As an example, we use the dataset from the ["COVID-19 Radiography Database"](https://www.kaggle.com/tawsifurrahman/covid19-radiography-database).
it contains png image files in four different classes: `COVID`, `Lung_Opacity`, `Normal`, and `Viral Pneumonia`.
First create a temp directory, then we download and extract to `/tmp/nvflare/image_stats/data/.`.




In [None]:
! pip install kagglehub

In [1]:
%%bash 

# prepare the directory

if [ ! -d /tmp/nvflare/image_stats/data ]; then
  mkdir -p /tmp/nvflare/image_stats/data
fi


In [None]:
import kagglehub

# Download latest version
path = kagglehub.dataset_download("tawsifurrahman/covid19-radiography-database")
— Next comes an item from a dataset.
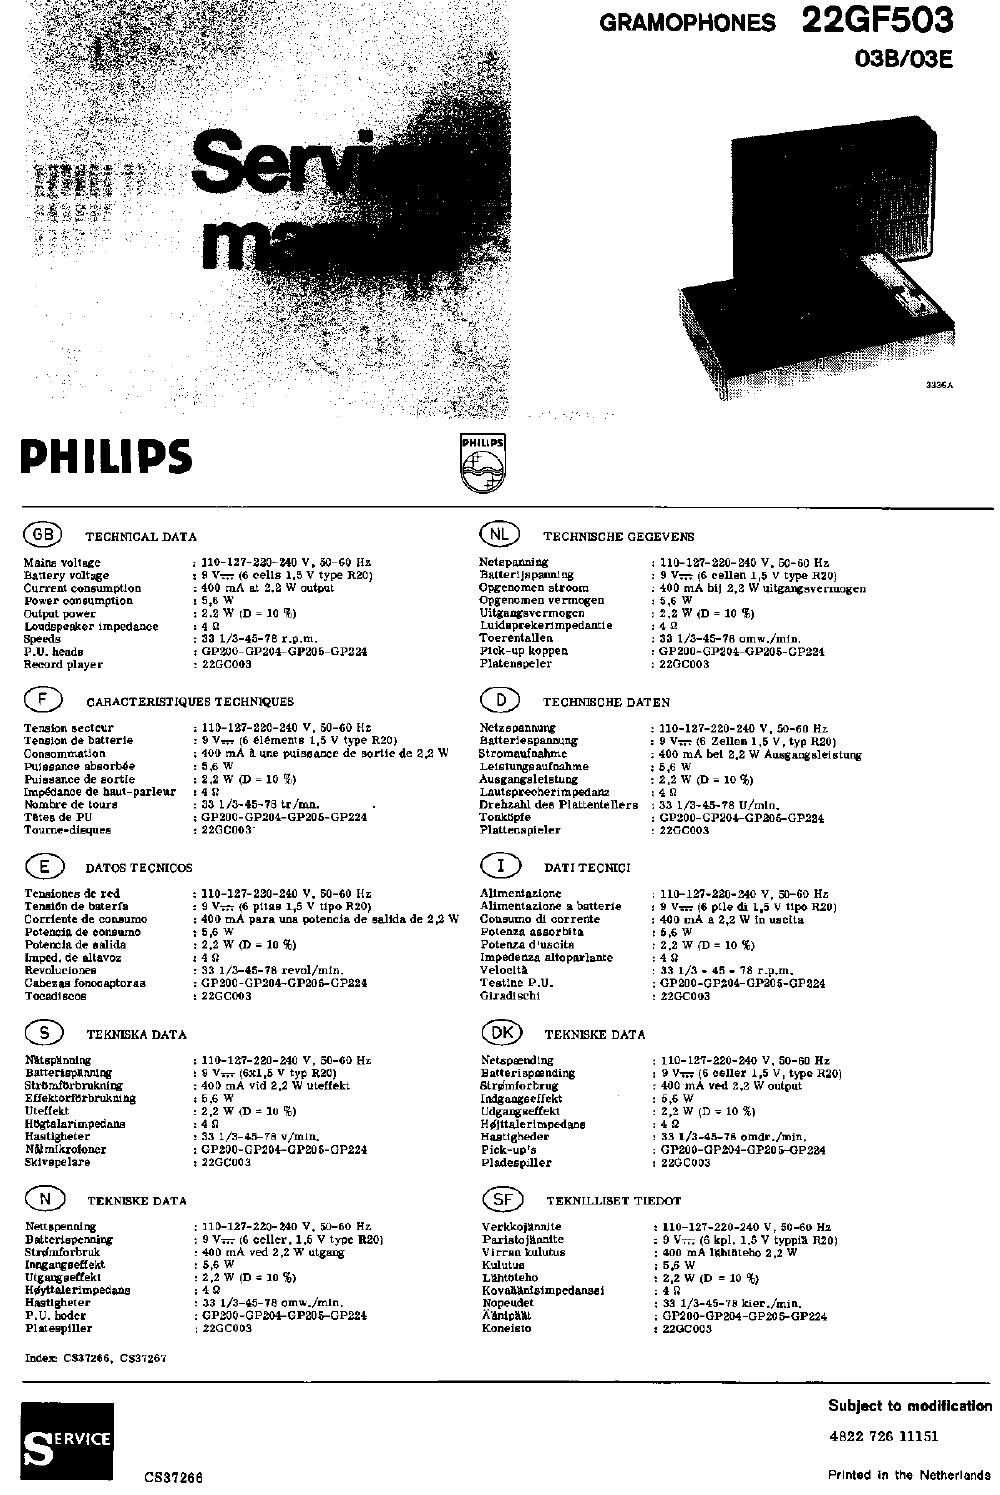 philips 22 gf 503 service manual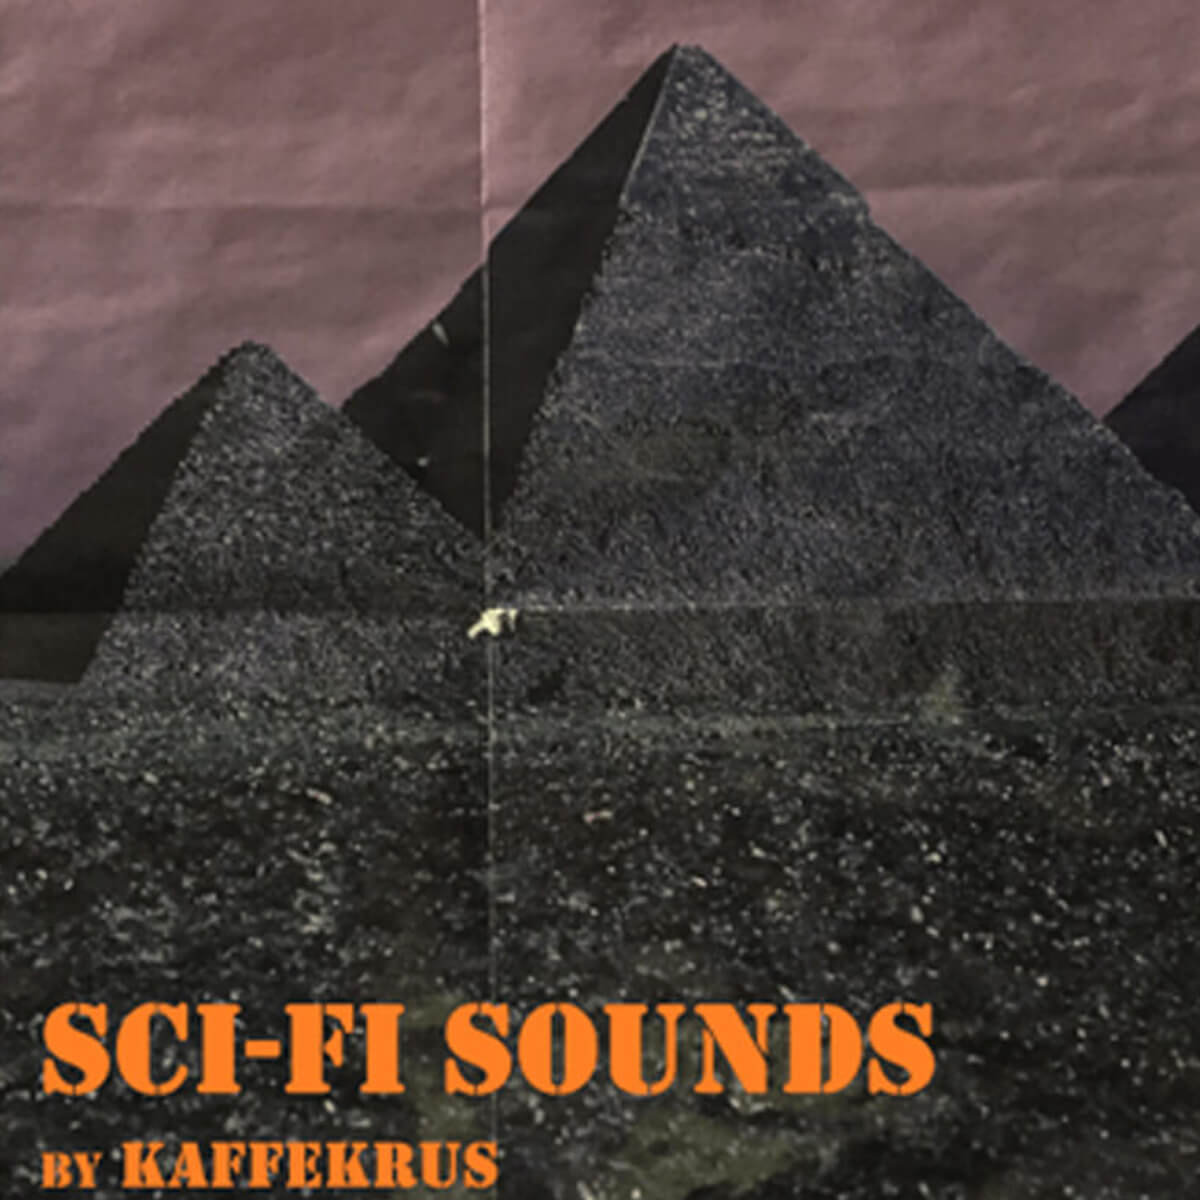 kaffekrus's Sci-Fi Sounds

print("Path to dataset files:", path)



Download and unzip the data (you may need to log in to Kaggle or use an API key). Once you have extracted the data from the zip file, check the directory to make sure you have the COVID-19_Radiography_Dataset directory at the following location.

In [None]:
! mv {path} /tmp/nvflare/image_stats/data/

! tree /tmp/nvflare/image_stats/data


## Prepare data

Next, create the data lists simulating different clients with varying amounts and types of images. 
The downloaded archive contains subfolders for four different classes: `COVID`, `Lung_Opacity`, `Normal`, and `Viral Pneumonia`.
Here we assume each class of image corresponds to a different site.

In [None]:
! code/data/prepare_data.sh

## Run Job with FL Simulator

The file [image_stats_job.py](code/image_stats_job.py) uses `StatsJob` to generate a job configuration in a Pythonic way. With the default arguments, the job will be exported to `/tmp/nvflare/jobs/image_stats` and then the job will be run with the FL simulator with the `simulator_run()` command with a work_dir of `/tmp/nvflare/workspace/image_stats`.

In [None]:
%cd code

! python3 image_stats_job.py

%cd -


## Examine the result


The results are stored on the server in the workspace at "/tmp/nvflare/image_stats" and can be accessed with the following command:

In [None]:
! ls -al /tmp/nvflare/workspace/image_stats/server/simulate_job/statistics/image_stats.json
         

## Visualization
We can visualize the results easily via the visualization notebook. Before we do that, we need to copy the data to the notebook directory


In [None]:
! cp /tmp/nvflare/workspace/image_stats/server/simulate_job/statistics/image_stats.json code/image_stats/demo/.

now we can visualize via the [visualization notebook](code/image_stats/demo/visualization.ipynb)

## We are done !
Congratulations, you have just completed the federated stats image histogram calculation.